Pondering what's inbetween Gopher and the web
---------------------------------------------

I'm not quite sure what got me thinking along these lines, although
I am sure that recent gopher content from somewhere in circumlunar
space played a contributing role.  Oh, most certainly by cleber's
urbe project[1].

It's no secret, of course, that I love gopher.  Some of my reasons
are outlined in previous writings[2].  And it's neither a secret that
I hate the web, or at least it's modern incarnation.  Both of these
things can be, and are, true while I still believe that Gopher is
not perfect and has shortcomings, and there are things about the
web experience to miss when one surfs on port 70.  So lately I've
been thinking about "the space inbetween", about hypothetical dream
protocols which are more than gopher but less than HTTP.

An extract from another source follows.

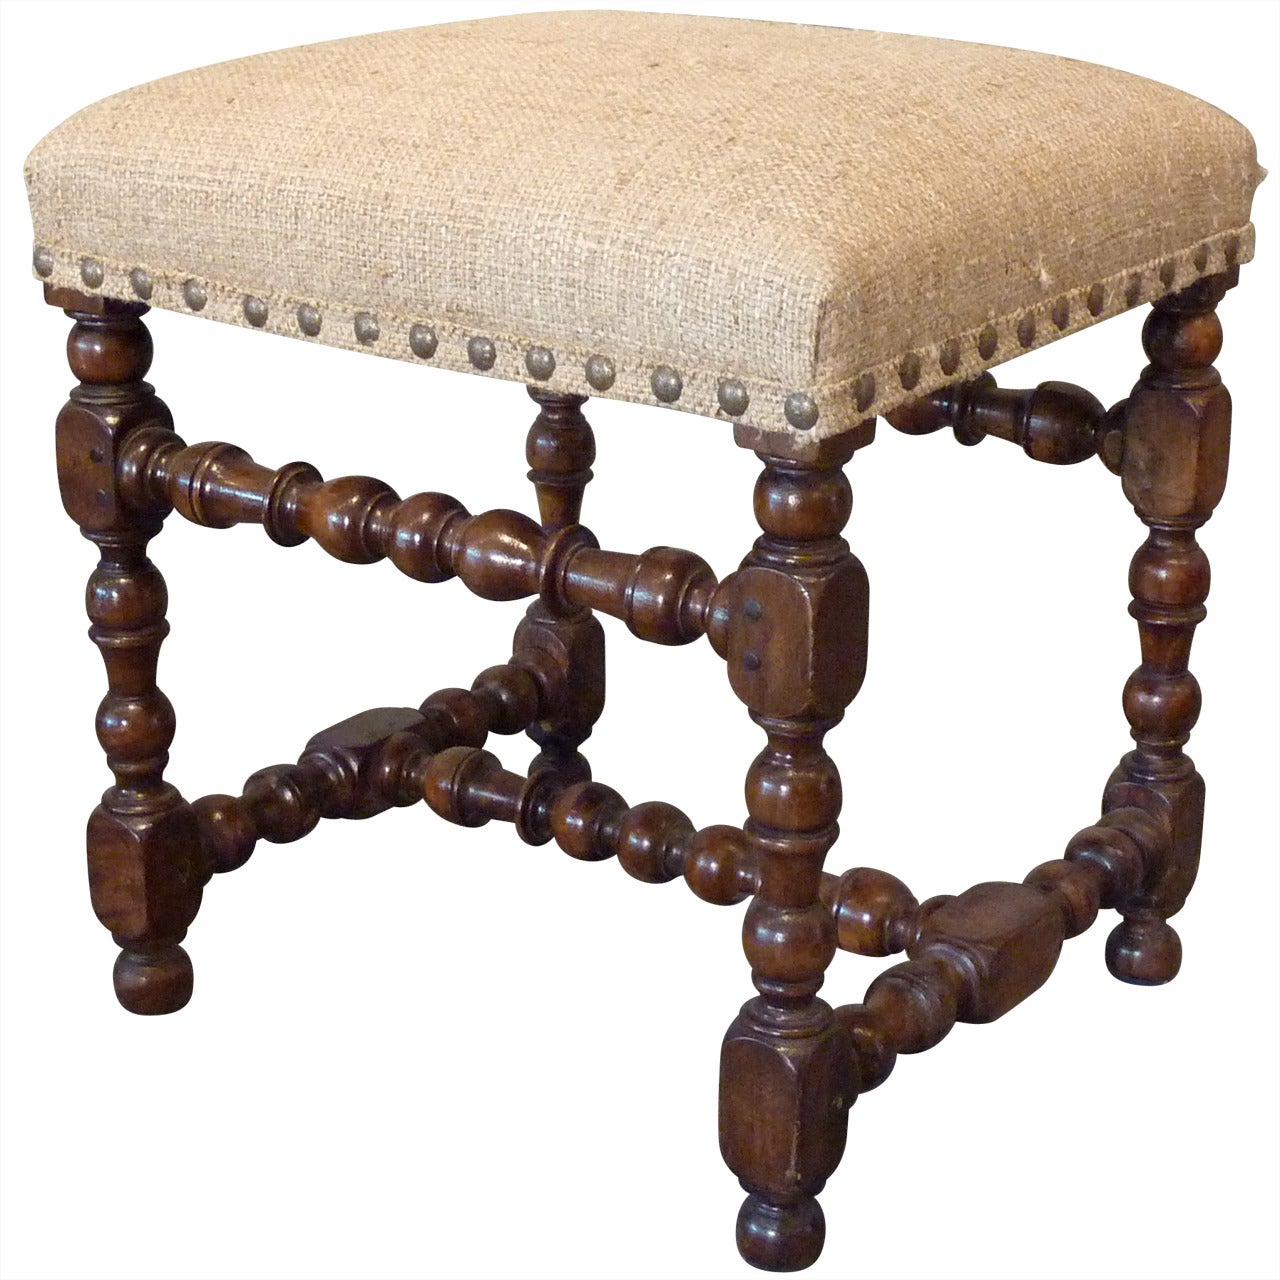 Louis XIII Period 17th Century French Provincial Stool.
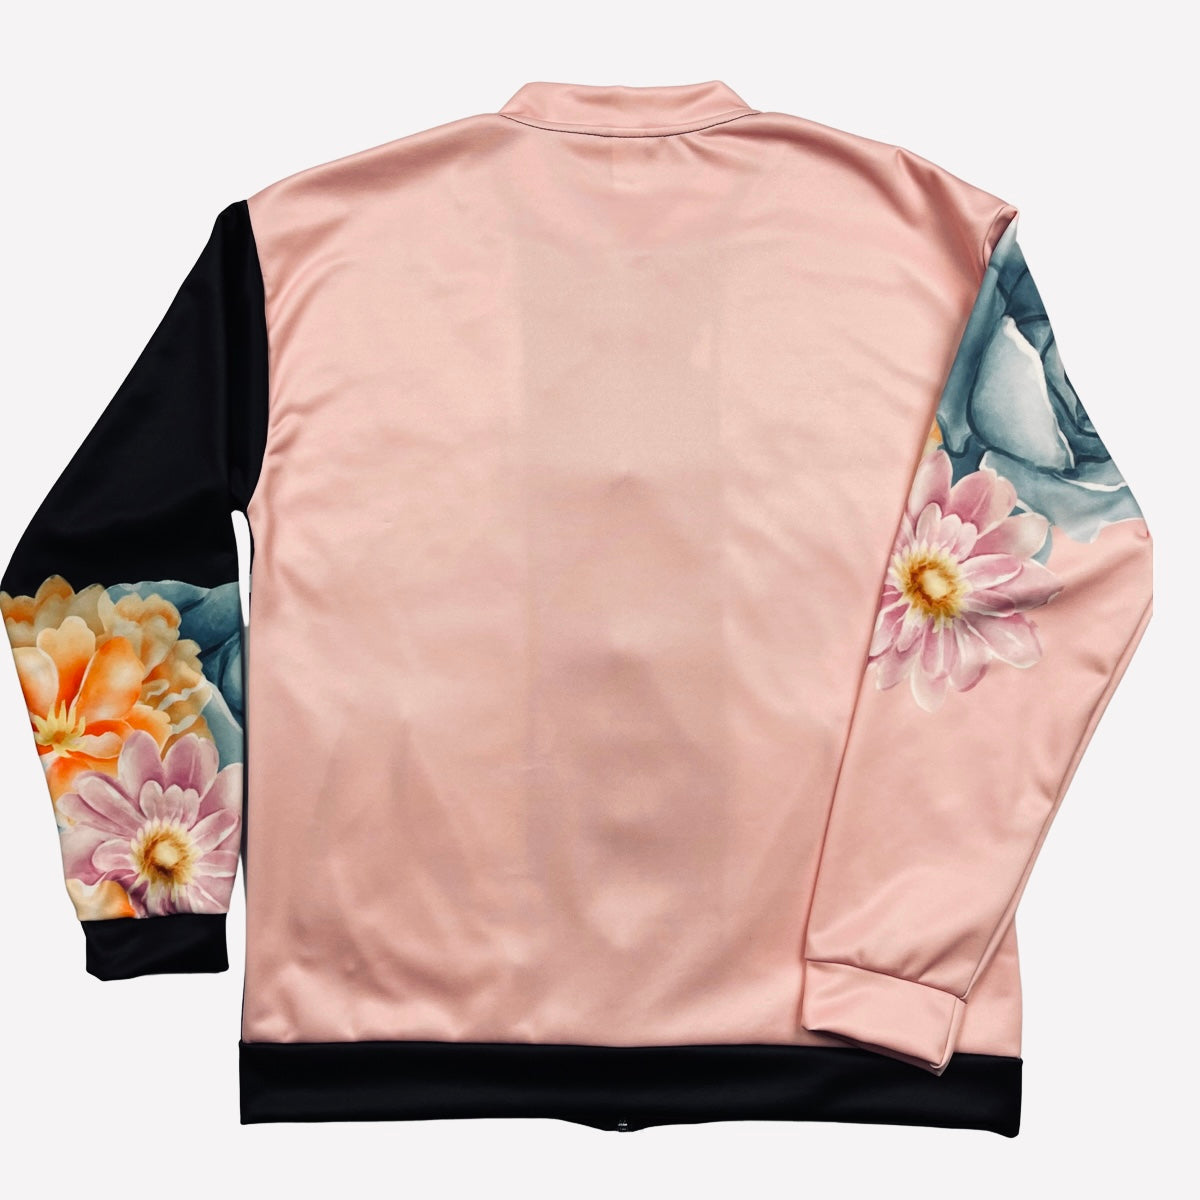 Hand Sewn Floral Jacket

Maybe this is strictly a thought experiment.  Maybe not.  The number
of people using gopher, and writing new gopher clients and even
servers, is probably growing, right now, at the fastest rate
it has in decades.  If we hit upon a really nifty idea, I don't
think it's inconceivable that usage of *that* protocol could soon
reach the levels that usage of gopher was at even five years ago -
i.e. super rare and niche, but definitely not totally absent.

As a first contribution to this line of thinking, I have come up
with a protocol which basically consists of three small changes
to gopher which address what I *think* I currently believe are its
three greatest shortcomings.

The first change is that TLS encryption of all connections is
mandatory.  No two port cleartext/cyphertext distinction like HTTP
and HTTPS, no upgrade from cleartext using STARTTLS, just secure
connections from the get go and that's it.  But, no certificate
authority system like in HTTPS to complicate things (well, actually,
this is really a client implementation detail and not a part of
the protocol and cannot be enforced).  Instead, I would advocate
a simple TOFU[3] model based on certificate pinning, more like SSH.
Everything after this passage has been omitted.